What chemical ingredients in the various soaps we use enhance or inhibit continued hydration of the beard during the shave?
 
Enhancement is usually a task performed by the glycerin that is part of the soap and a by product of saponification process. Many soaps add even more to increase the benefits it has for the hydration and lubrication of your beard and skin.
 
From what I know, no ingredient or quality of shaving soap will increase or decrease the amount of hydration. Not in a meaningful way. At best, they slightly change the speed at which hair gets wet. So do temperature and pH. Strictly speaking, they don't change the speed, but they lower the levels of wetness at which different modes of wetting operate. (Let's call these modes dry, damp, and wet. It's easier to get water into something that's damp than something that's dry, and even easier to add water to something already very wet. So each mode soaks up water faster than the one before. If the next phase begins when there's less water, the tap gets turned up that much sooner.)

Soap cleans oils off the surface, but that doesn't seem to matter for shaving. As long as some part of the hair gets wet, the water will eventually soak through. But other stuff doesn't soak through the hair. This matters if you're coloring hair (using certain processes, anyway) because the color won't get past dirty/oily surfaces, and most things can't freely travel through the interior. But water (and some probably some very limited solutions) will travel through from one side to the other, just like it gets through all the other parts of us.

Soap is a surfactant which means it's also a wetting agent. This gets the water closer to the surface of hair. (Remember the wetting modes? This is the main property of soap that alters where the modes change.) This makes water soak through easier.

The glycerin in soap is an even better humectant that can hold onto a lot of water. More glycerin should mean more water in the lather and more to get into the hair. Then again, that same humectant property also helps remove that water faster as the lather dries out. Some soaps use wax (e.g. lanolin) that serve a similar purpose. Some even add oil that mostly prevents water from seeping back out of hair.
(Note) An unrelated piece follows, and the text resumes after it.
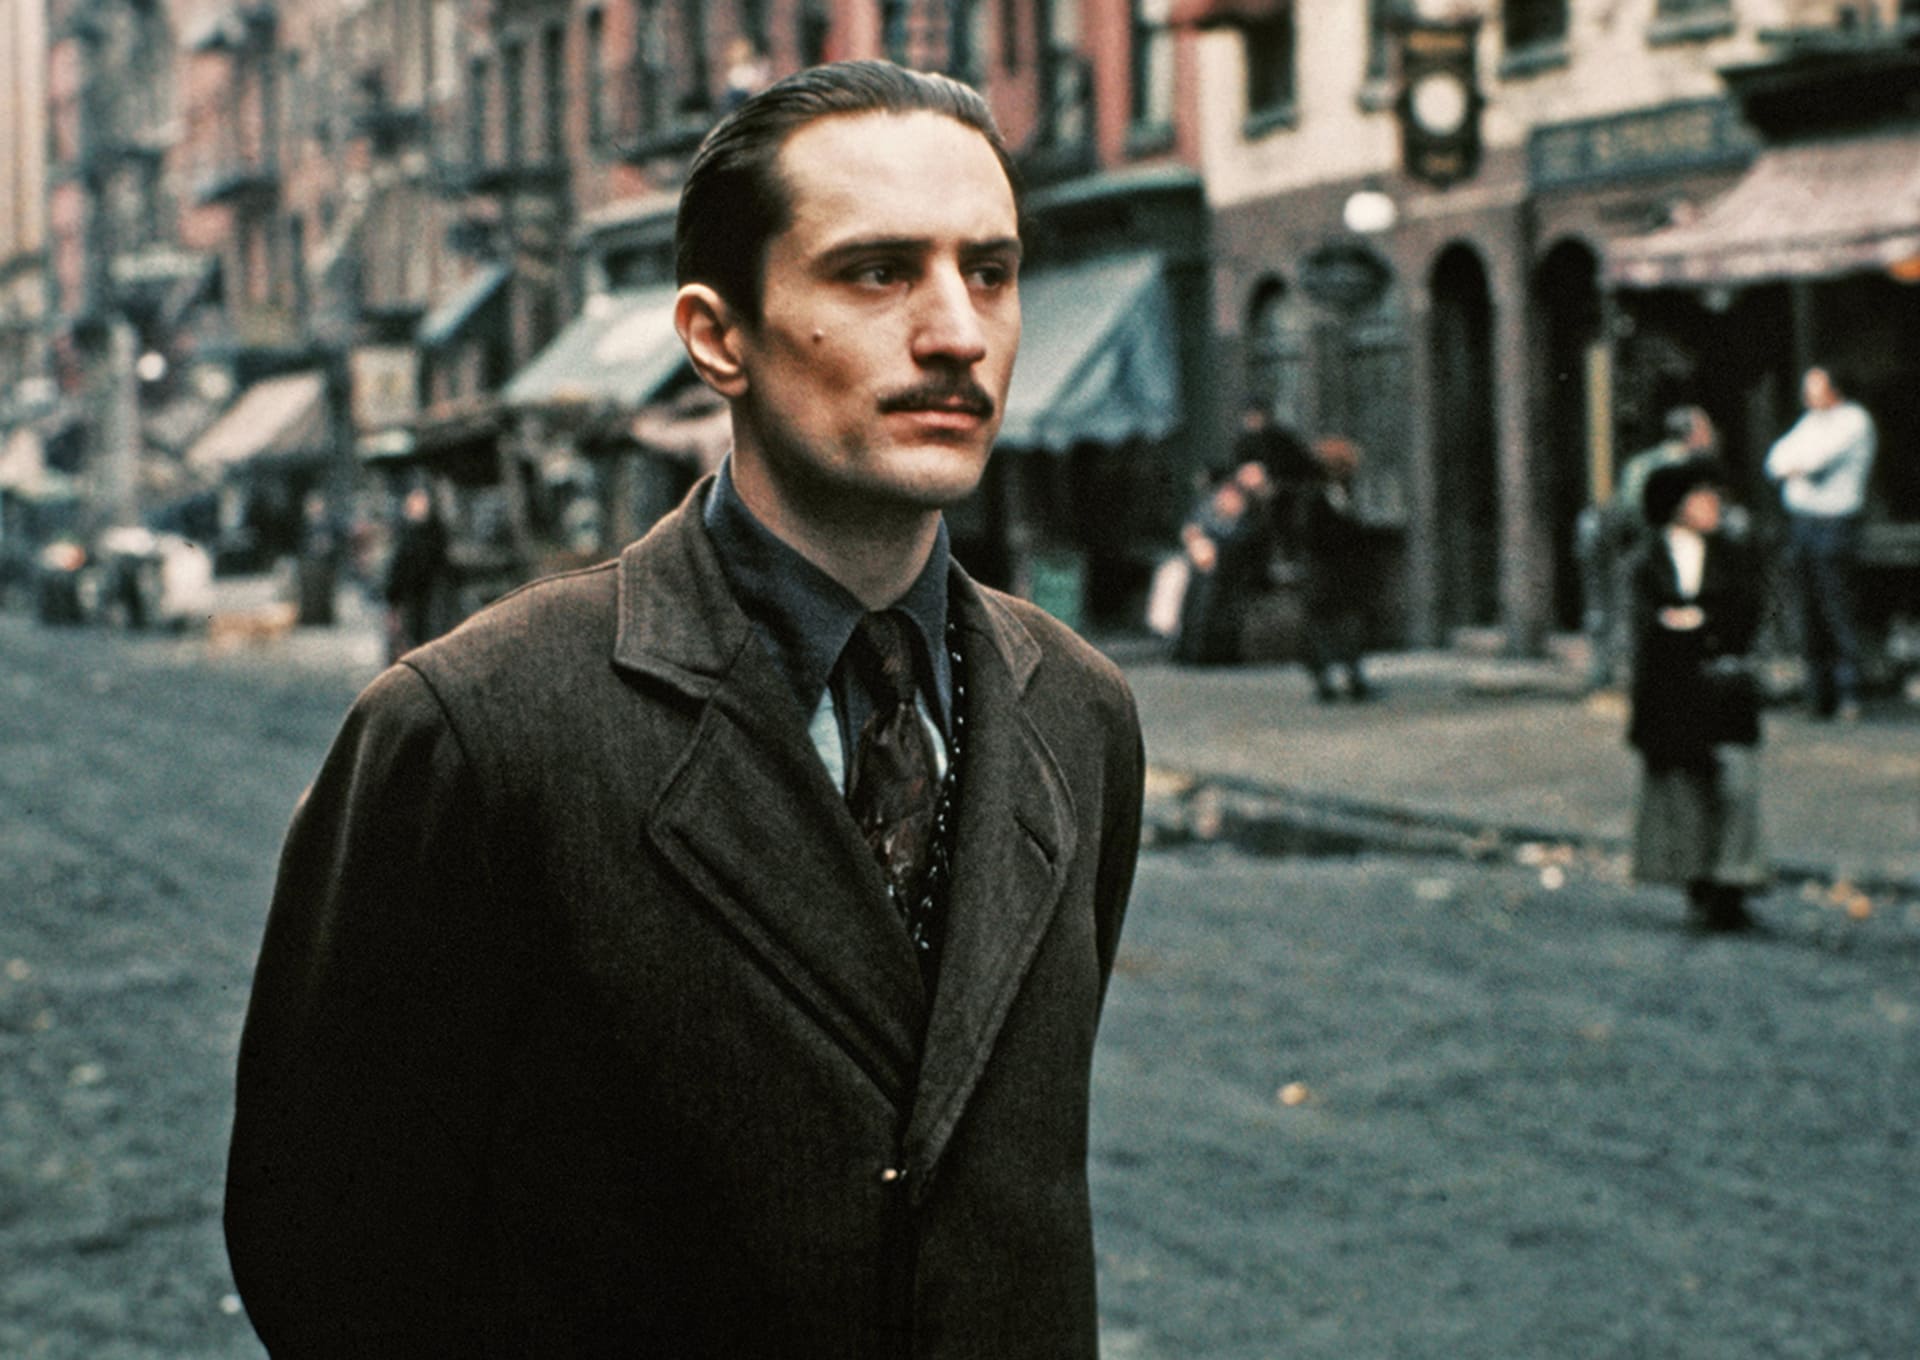 Asi nejznámějším Coppolovým počinem je brilantní třídílná mafiánská sága Kmotr, kde se jedné z hlavních rolí ujal také Coppolův oblíbenec Robert De Niro.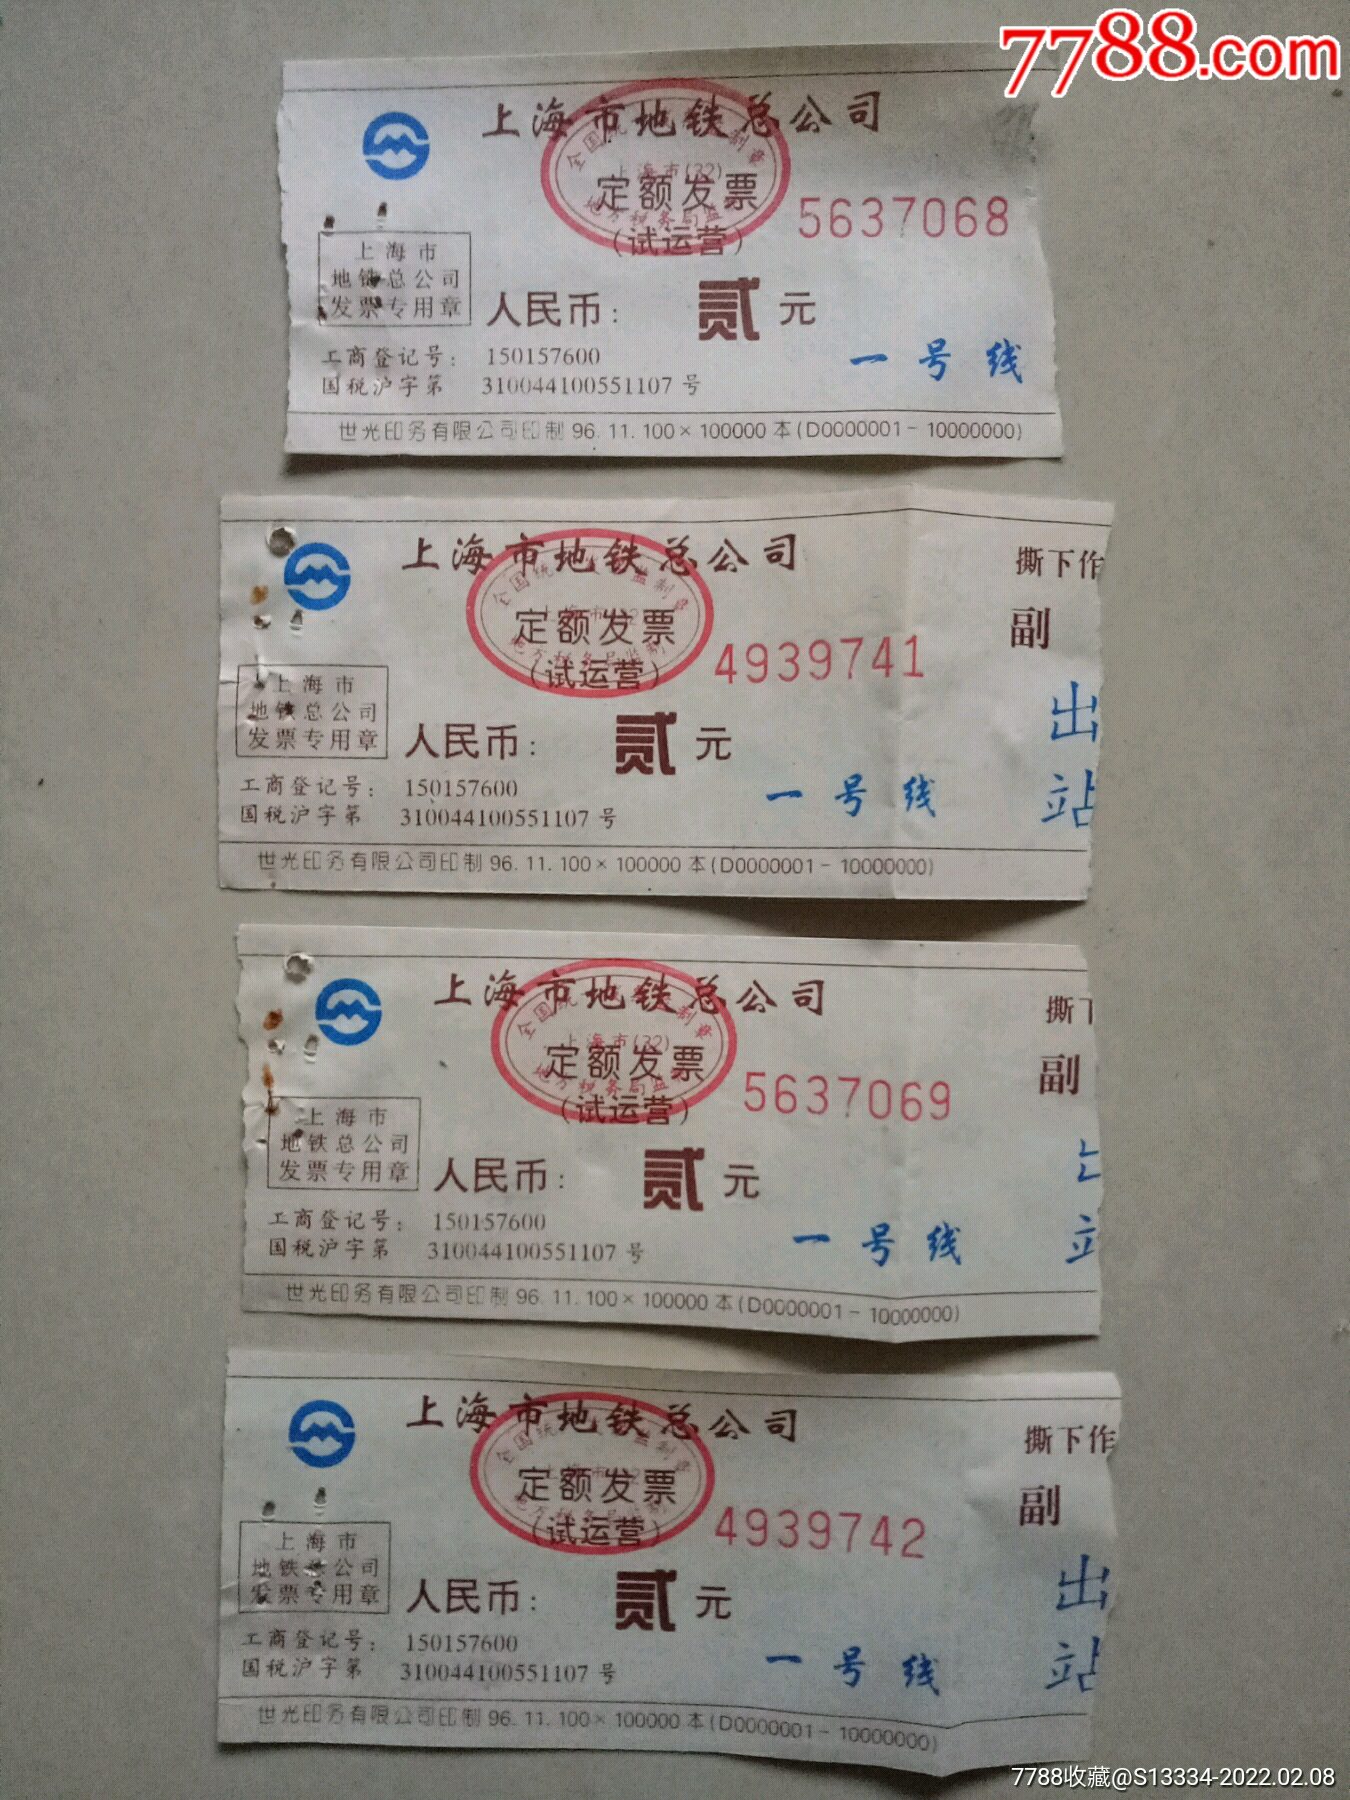 上海市地铁总公司定额发票试运营贰元一号线4枚

Of course, any of these ingredients might also serve other purposes than hydration, such as protection and lubrication. Glycerin and lanolin are emollients (moisturizer), as is any oil or fat. Any of these might prevent your beard from drying out--assuming you managed to get it hydrated in the first place. Of course, no decent shaving soap is going to have so much that it won't wet your beard. But some creams might.

Soap is also an emulsifier, which stabilizes lather, but other stabilizers are sometimes added to help make a more stable lather because a good, stable lather can hold more water.

There's a lot more going on, but it's more important for creams and gels. (And this is already way over my head.) Soaps are mostly simpler. Specifically, creams and gels might have ingredients that interact better with proteins, or use detergents that perform better than soaps with hard water, etc. (You should also realize that every fatty acid has its own affinity for water and other elements. But detergents offer a lot more variety.) In fact, many gels & canned goos don't even bother with hydration, and rely strictly on lubricating. I'm sure some soaps have some of those ingredients.